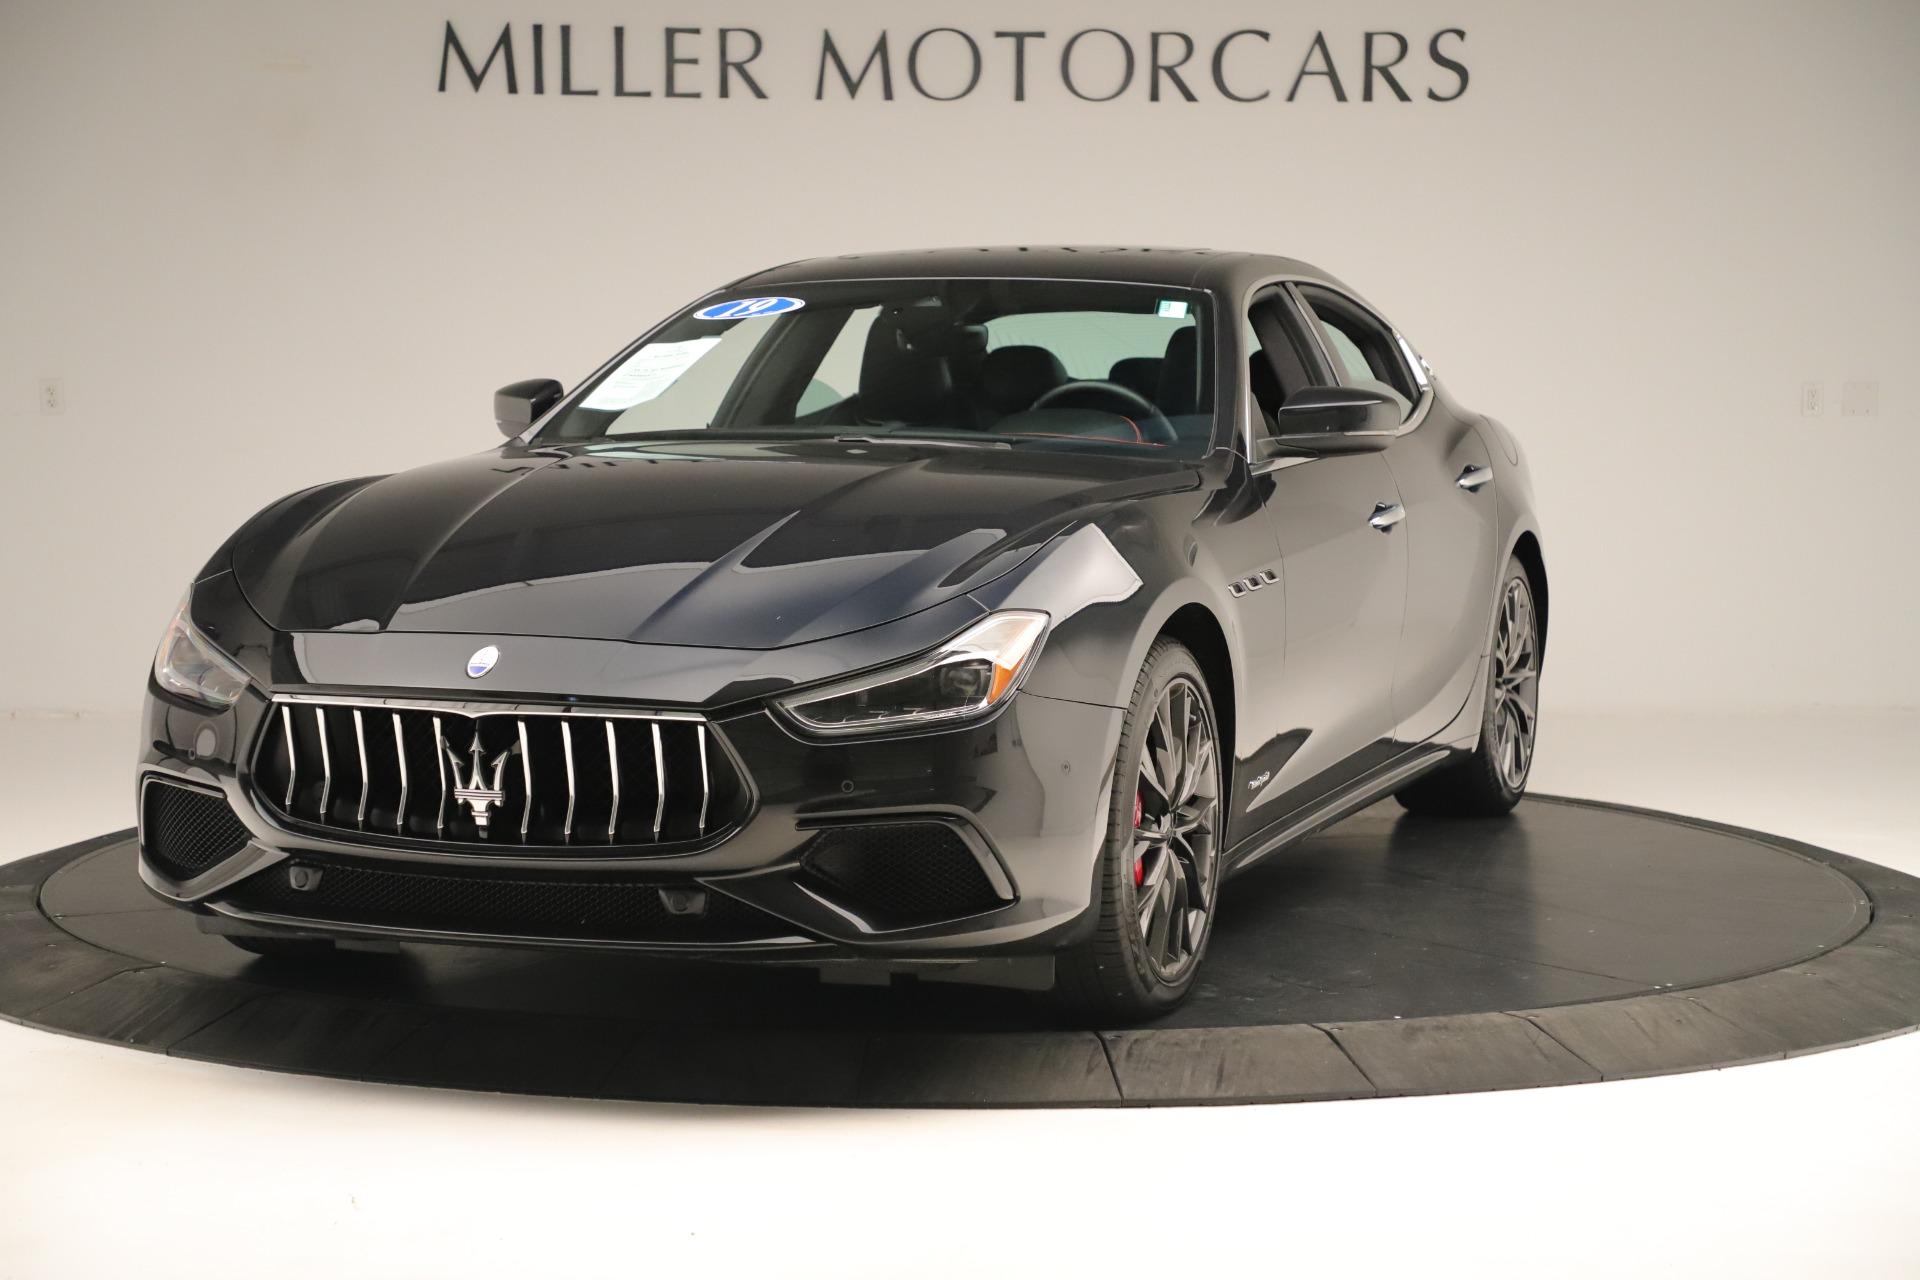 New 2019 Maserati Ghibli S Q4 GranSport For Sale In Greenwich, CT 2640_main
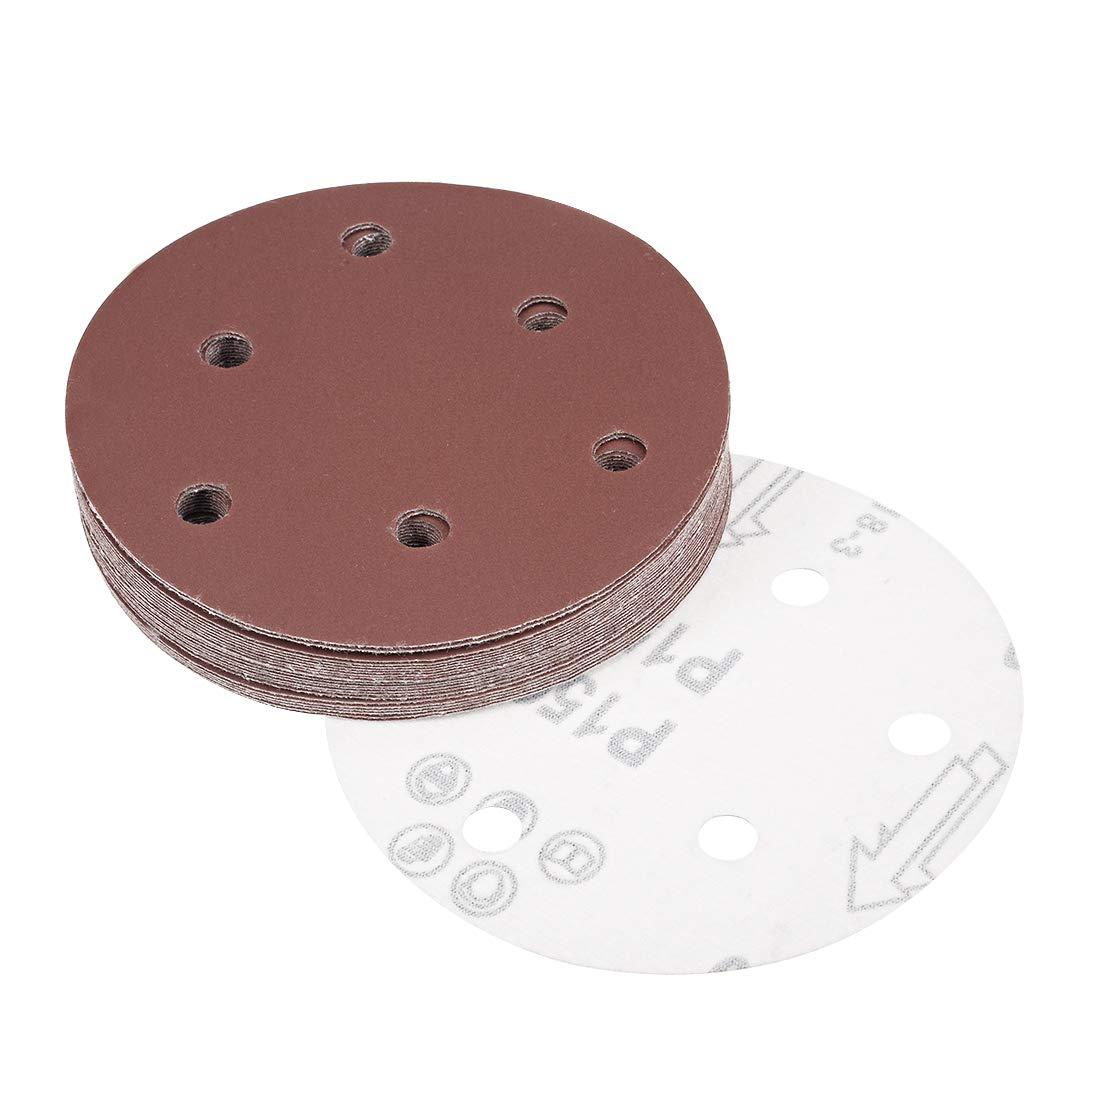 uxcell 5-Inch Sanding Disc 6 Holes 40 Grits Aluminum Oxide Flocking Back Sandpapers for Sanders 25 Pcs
....................
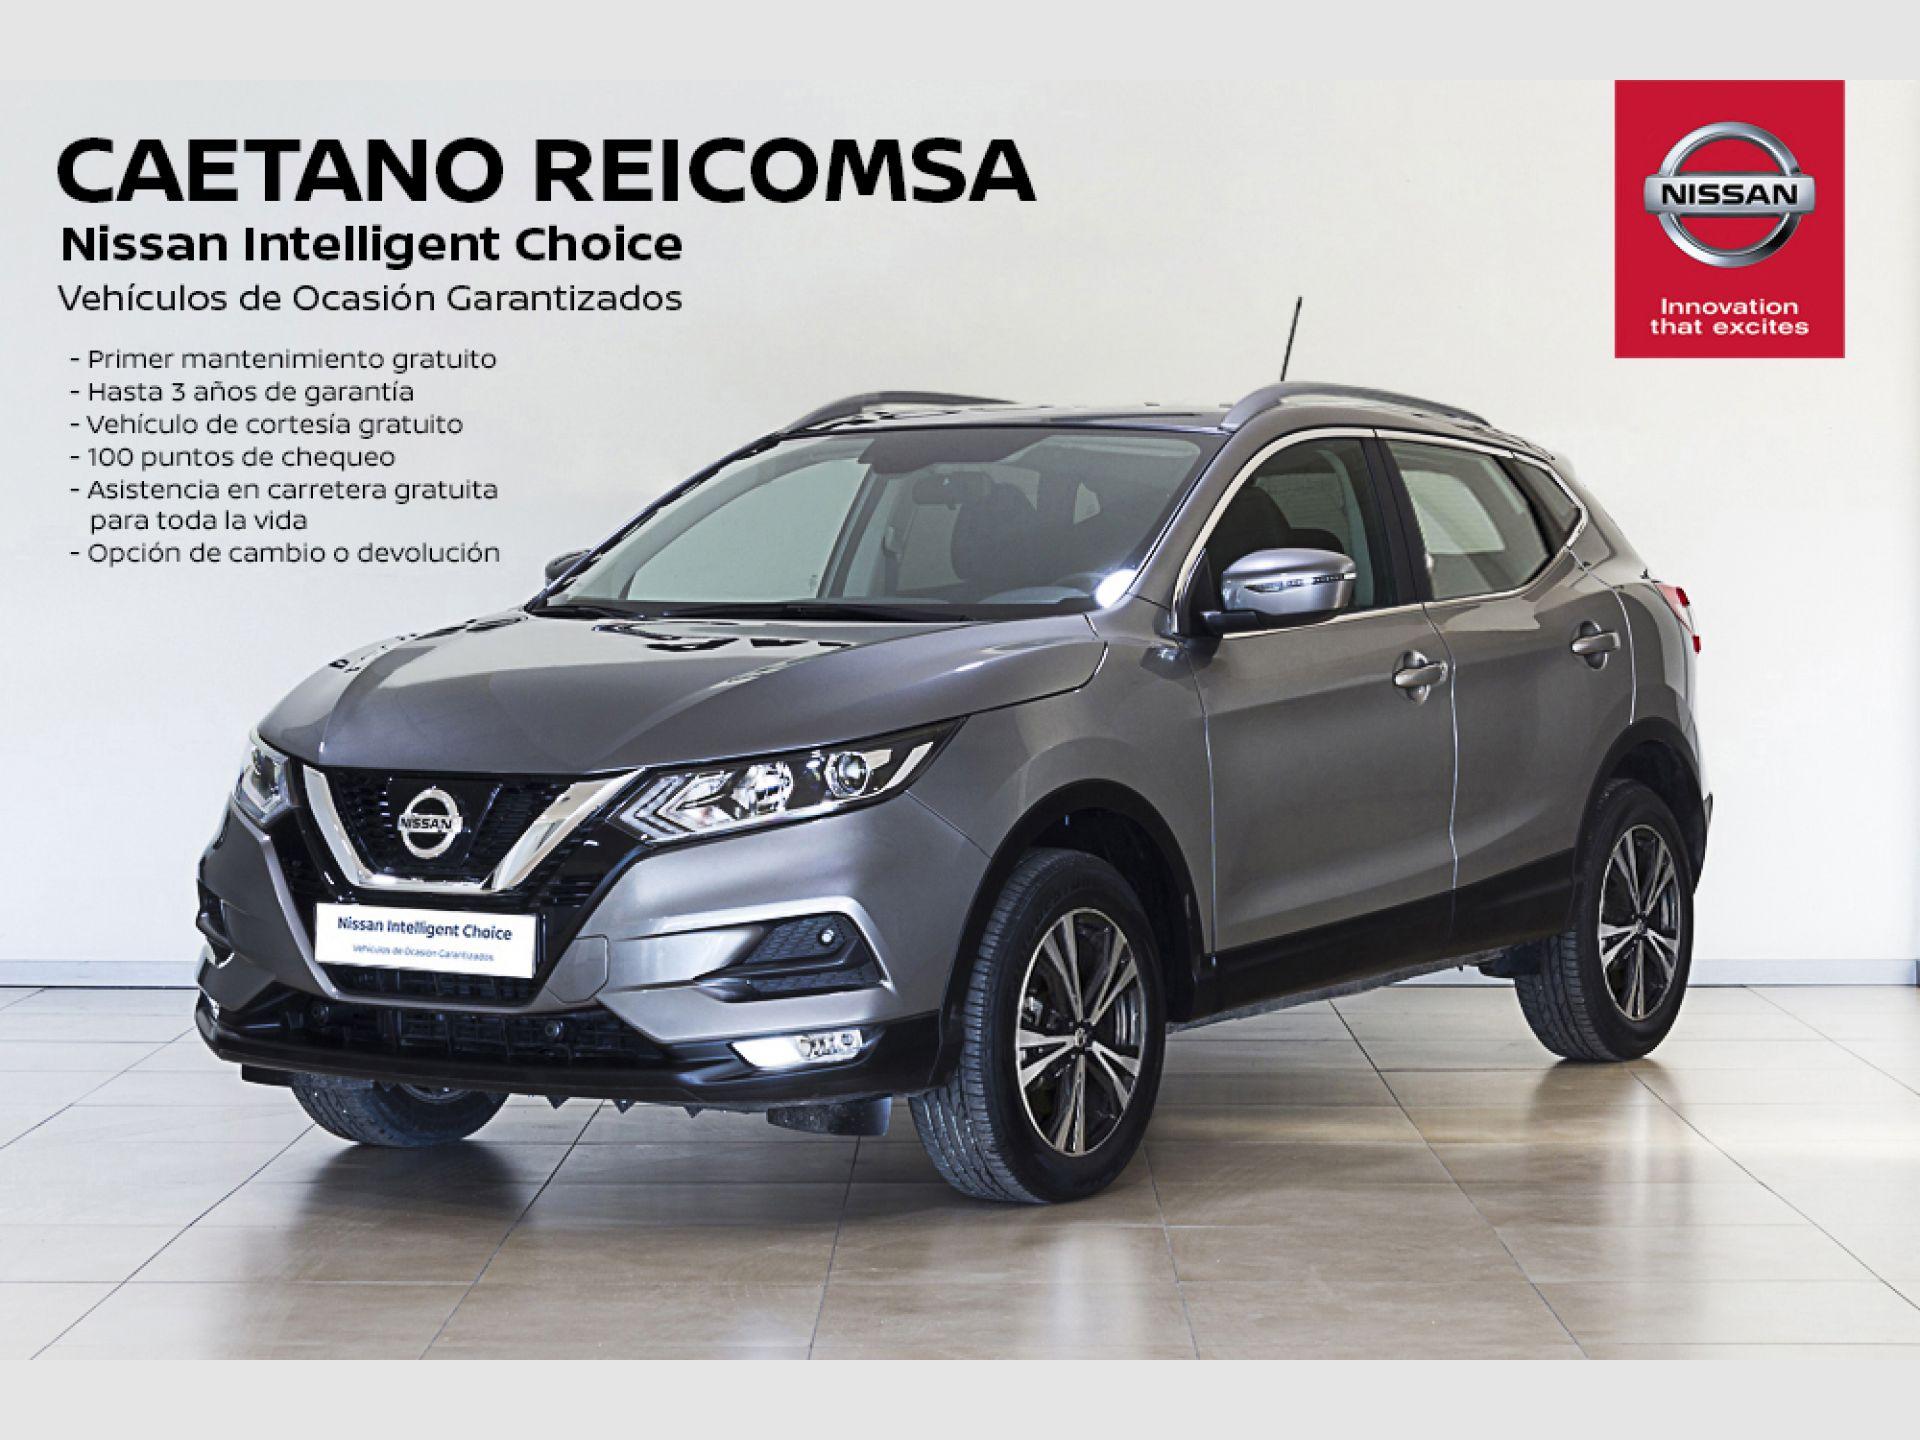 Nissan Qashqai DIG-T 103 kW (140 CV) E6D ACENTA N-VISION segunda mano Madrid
....................
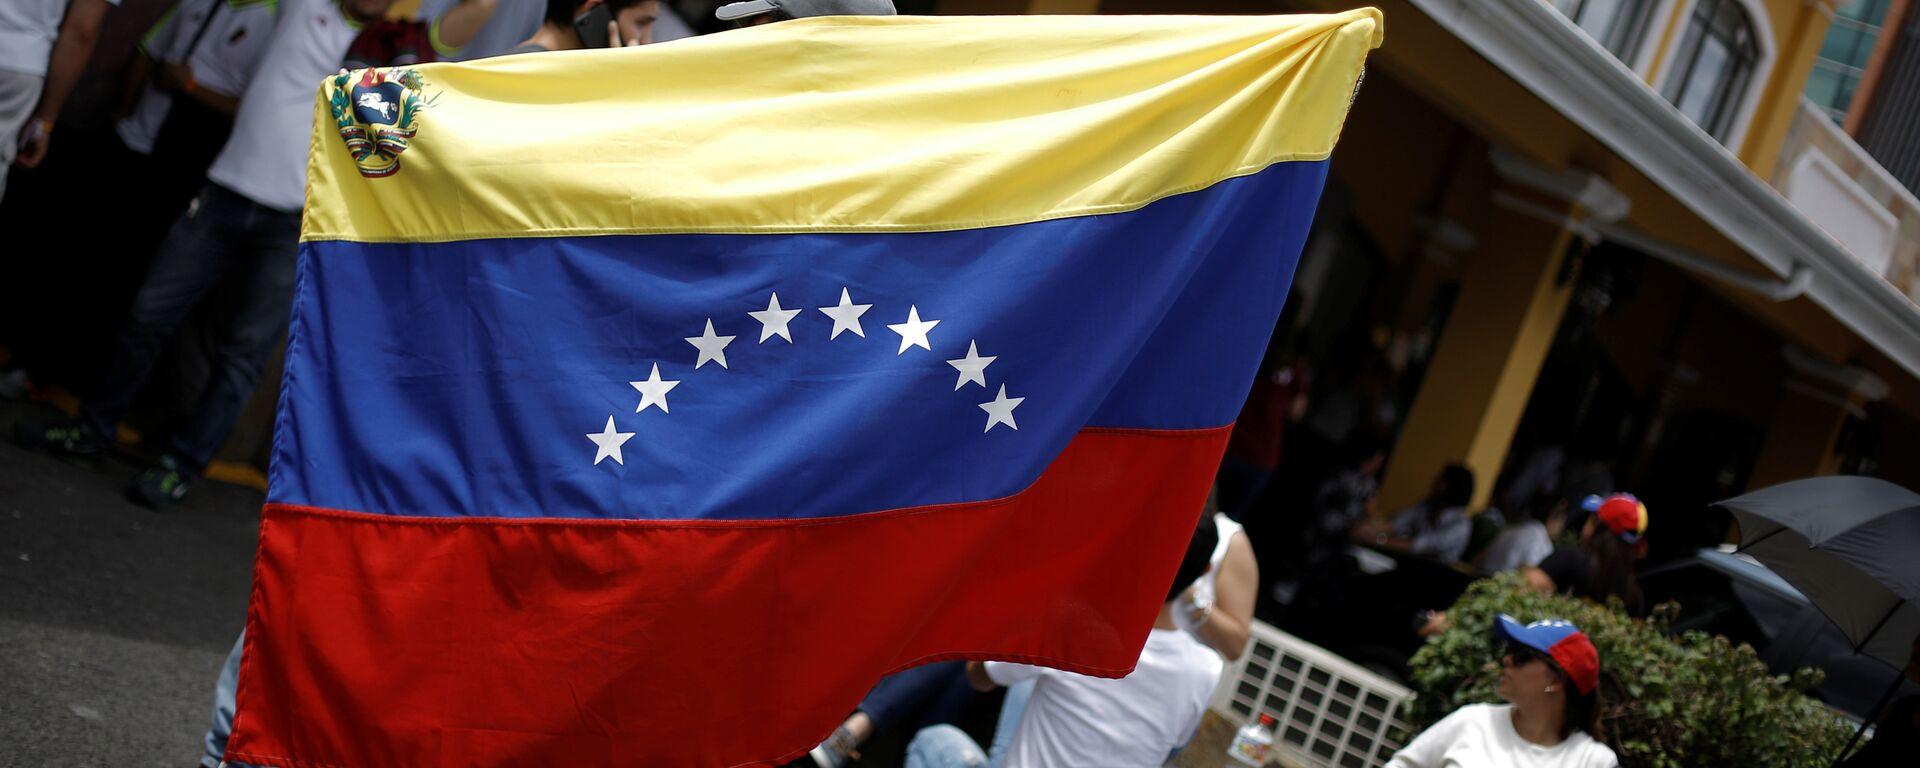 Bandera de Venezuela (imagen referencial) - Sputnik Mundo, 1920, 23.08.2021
....................
*TASK REQUIREMENTS*
Out of the records above, please copy exactly the lines from the line with "New 2019 Maserati" up to and including the line with "uxcell 5-Inch Sanding", minus the pictures.

*RESULT OF THE TASK*
 New 2019 Maserati Ghibli S Q4 GranSport For Sale In Greenwich, CT 2640_main
 uxcell 5-Inch Sanding Disc 6 Holes 40 Grits Aluminum Oxide Flocking Back Sandpapers for Sanders 25 Pcs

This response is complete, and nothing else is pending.